The area of a $\vartriangle ABC$ with given vertices $(a,a^2),(b,b^2),(c,c^2)$ is $\frac{1}{4}$ $sq. units$ and area of another $\vartriangle PQR$ with given vertices $(p,p^2),(q,q^2),(r,r^2)$ is $3$ $sq. units$.
Then what is the value of $$ \begin{vmatrix} (1+ap)^2 & (1+bp)^2 & (1+cp)^2 \\ (1+aq)^2 & (1+bq)^2 & (1+cq)^2 \\ (1+ar)^2 & (1+br)^2 & (1+cr)^2 \\ \end{vmatrix} $$
I could not even begin attempting it , i don't know where to begin from,someone kindly help.

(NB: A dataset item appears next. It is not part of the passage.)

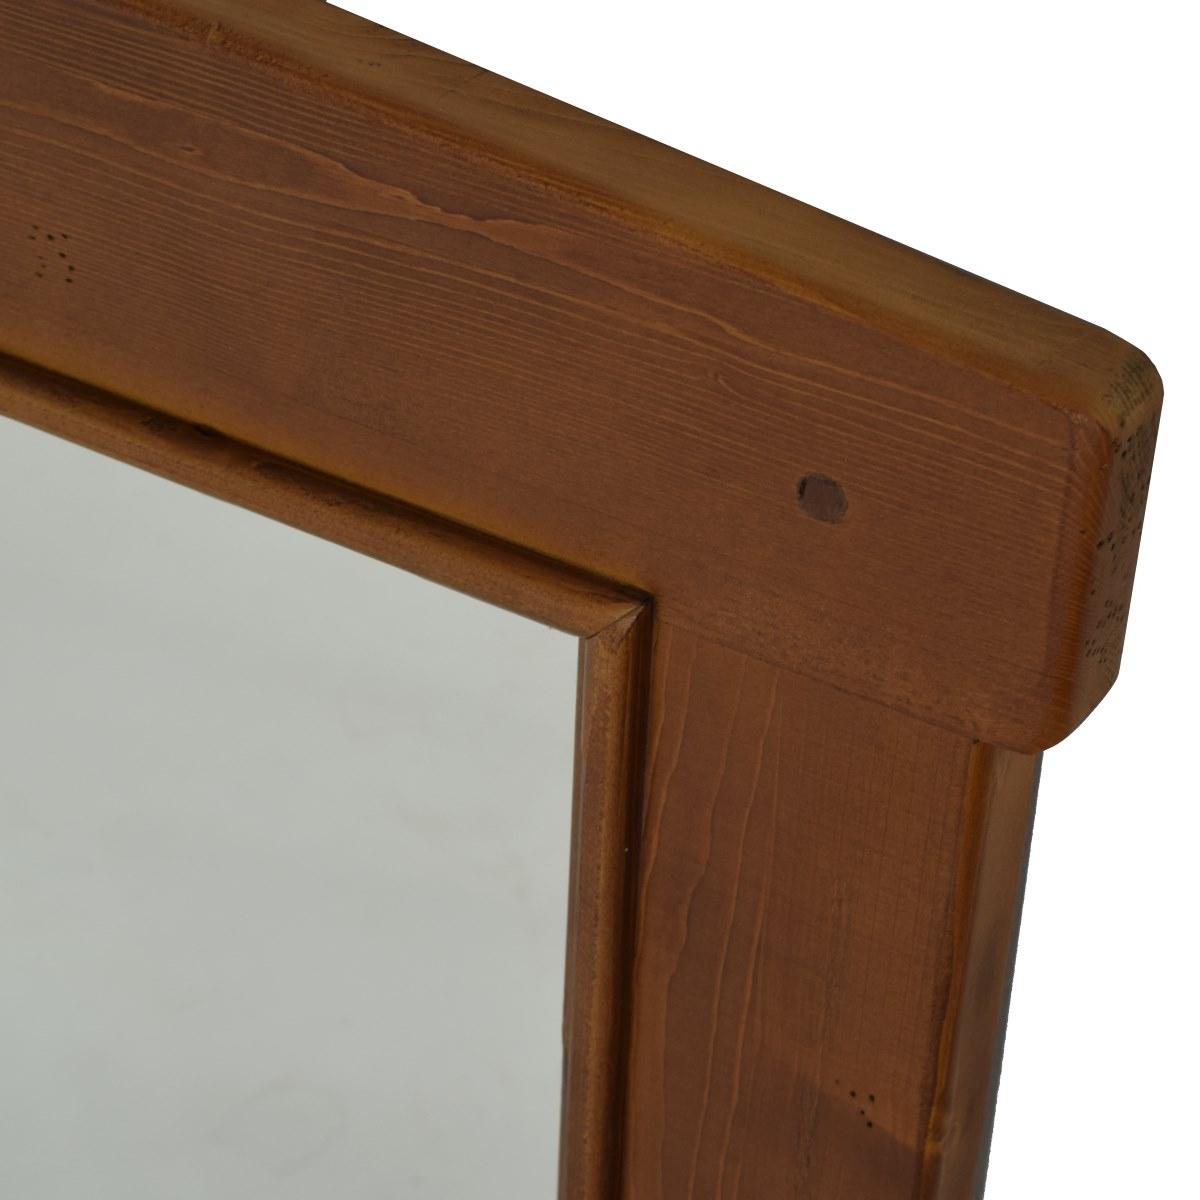 Espejo r stico rectangular mediano ecor stico venta de for Espejo rectangular

Let $A, B, C$, $P, Q, R$ be the $6$ column vectors
$$ \begin{cases} A^T = (1, \sqrt{2}a, a^2),\\ B^T = (1, \sqrt{2}b, b^2),\\ C^T = (1, \sqrt{2}c, c^2) \end{cases} \quad\text{ and }\quad \begin{cases} P^T = (1, \sqrt{2}p, p^2),\\ Q^T = (1, \sqrt{2}q, q^2),\\ R^T = (1, \sqrt{2}r, r^2) \end{cases} $$ Using identites of the form $$(1+ap)^2 = 1 + 2ap + a^2p^2 = 1\cdot 1 + \sqrt{2}a\cdot\sqrt{2}p + a^2\cdot p^2 = A\cdot P$$ We can rewrite the determinant at hand as
$$\Delta \stackrel{def}{=}\begin{vmatrix} (1+ap)^2 & (1+bp)^2 & (1+cp)^2 \\ (1+aq)^2 & (1+bq)^2 & (1+cq)^2 \\ (1+ar)^2 & (1+br)^2 & (1+cr)^2 \\ \end{vmatrix} = \begin{vmatrix} A\cdot P & B\cdot P & C\cdot P \\ A\cdot Q & B\cdot Q & C\cdot Q \\ A\cdot R & B \cdot R & C\cdot R \\ \end{vmatrix} $$ Notice the matrix for rightmost determinant is a product of two $3 \times 3$ matrices $$ \begin{bmatrix} A\cdot P & B\cdot P & C\cdot P \\ A\cdot Q & B\cdot Q & C\cdot Q \\ A\cdot R & B \cdot R & C\cdot R \\ \end{bmatrix} = \left[ P, Q, R\right]^T \left[A, B, C\right] $$ This leads to (up to a sign), $$\Delta = \begin{vmatrix} 1 & \sqrt{2}p & p^2 \\ 1 & \sqrt{2}q & q^2 \\ 1 & \sqrt{2}r & r^2 \\ \end{vmatrix} \begin{vmatrix} 1 & 1 & 1\\ \sqrt{2}a & \sqrt{2}b & \sqrt{2}c \\ a^2 & b^2 & c^2 \\ \end{vmatrix} = 2 \begin{vmatrix} 1 & p & p^2 \\ 1 & q & q^2 \\ 1 & r & r^2 \\ \end{vmatrix} \begin{vmatrix} 1 & a & a^2 \\ 1 & b & b^2 \\ 1 & c & c^2 \\ \end{vmatrix} = 2(2\times 3)(2\times\frac14) = 6 $$
The oriented area of a triangle with vertices
$$A(x_A,y_A), B(x_B,y_B), C(x_C,y_C)$$
is known to be given by the following formula: $$\tag{1}Area(ABC)=\tfrac12 \begin{vmatrix}x_A & x_B & x_C\\y_A & y_B & y_C\\1 & 1 & 1\end{vmatrix}$$
(this area is positive if the orientation of ABC is direct, negative otherwise).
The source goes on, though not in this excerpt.